Riyâzet ve mücâhede eğitimi seyr u sülûkun başından sonuna kadar devam eden çetin bir mücâdeledir. Bilhassa nefsânî tarîkatlarda benimsenen atvâr-ı seb’a uygulamasıyla nefsin kazanması gereken olgunluk süreci her bir mertebede farklı sorumluluk sürecini gerektirmektedir. Biz bu makalemizde seyr u sülûk eğitimindeki tezkiye-yi nefsin yedi mertebesini ele almak istiyoruz:
1. Nefs-i Emmâre: Sürekli kötülüğü emreden nefis anlamındadır. Kur’ân’daki “Hiç şüphesiz nefis daima kötülüğü emredicidir.”1 âyet-i kerîmesi bu mertebeye işaret olarak görülmüştür. Nefis terbiyesinden geçmemiş olanların ve seyr ü sülûka yeni başlamış olan sâlikin nefsinin bu özellikte olduğu kabul edilir.
Bu aşamadaki nefis sürekli olarak hayvânî ve şehevî doğasına uygun şeyleri ister. Hevâsına fazlaca düşkündür. Yaptığı kötülükleri tabîî görür¸ pişmanlık duymaz.
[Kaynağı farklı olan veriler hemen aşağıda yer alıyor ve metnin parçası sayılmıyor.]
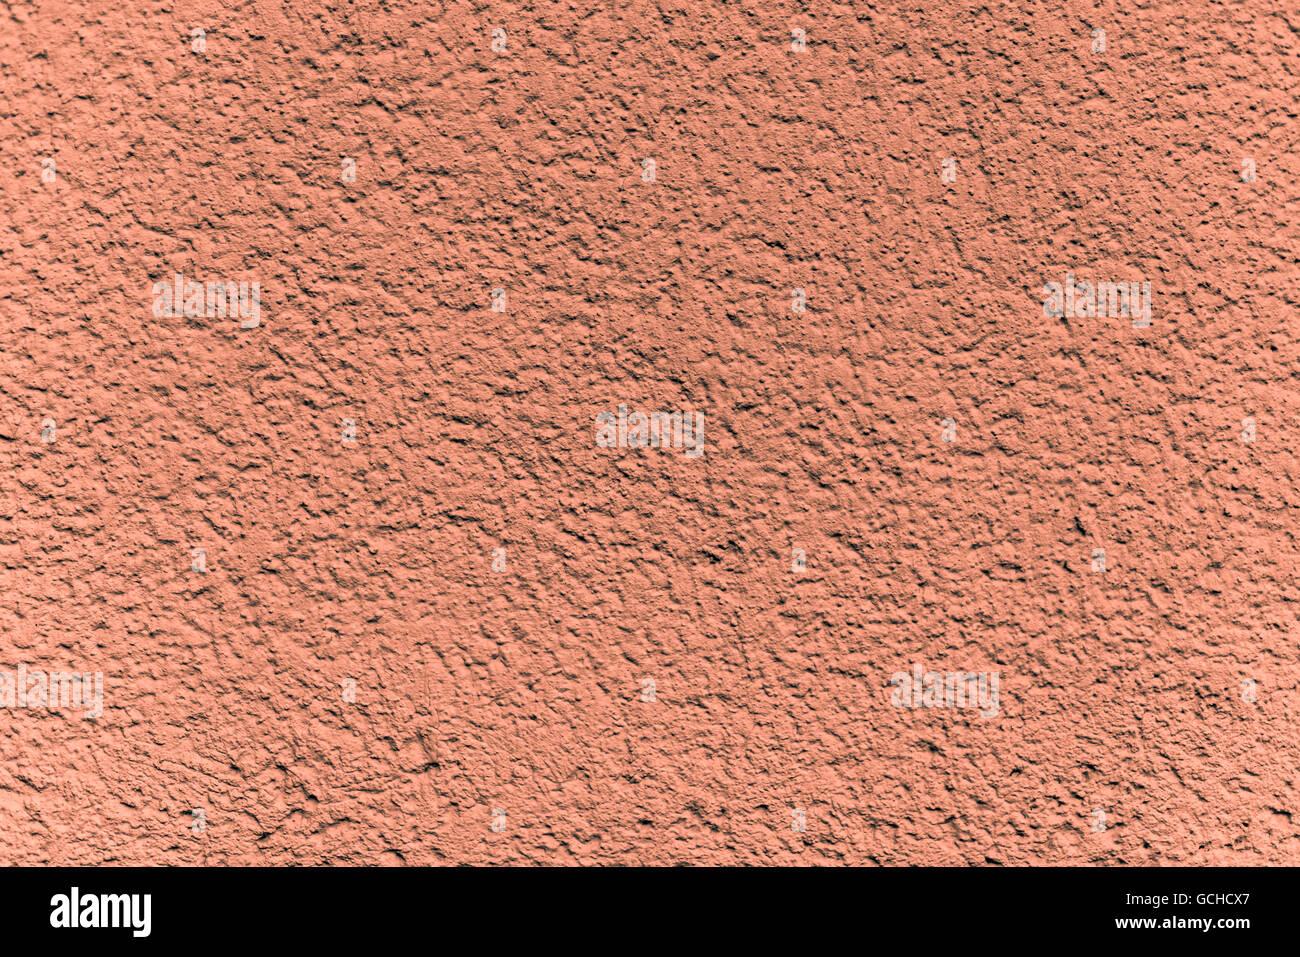 Eccellente arancione orangish grigiastro muro di pietra backgrounds - con intonaco strutturato Immagini Stock

Bu aşamadaki sâlik¸ nefse muhâlefet temrinleri yapar. Şeyhinin bildirdiği şartları yerine getirir. Tevbe¸ istiğfâr ile birlikte “lâ ilâhe illallah” zikrine mürşidinin belirlediği sayıda devam eder.
Nefs-i emmâre mertebesindeki sâlikin seyri “ilallah” âlemi “şehâdet”¸ hâli zevk¸ mahalli “sadr”¸ vâridi “şerîat”¸ şâhidi “tevhîd-i ef’âl”¸ nuru “mavi”dir. Tevhîd kalbe tesir edince mürşidin denetiminde emmâre aşamasını aşan sâlik ikinci mertebeye geçer.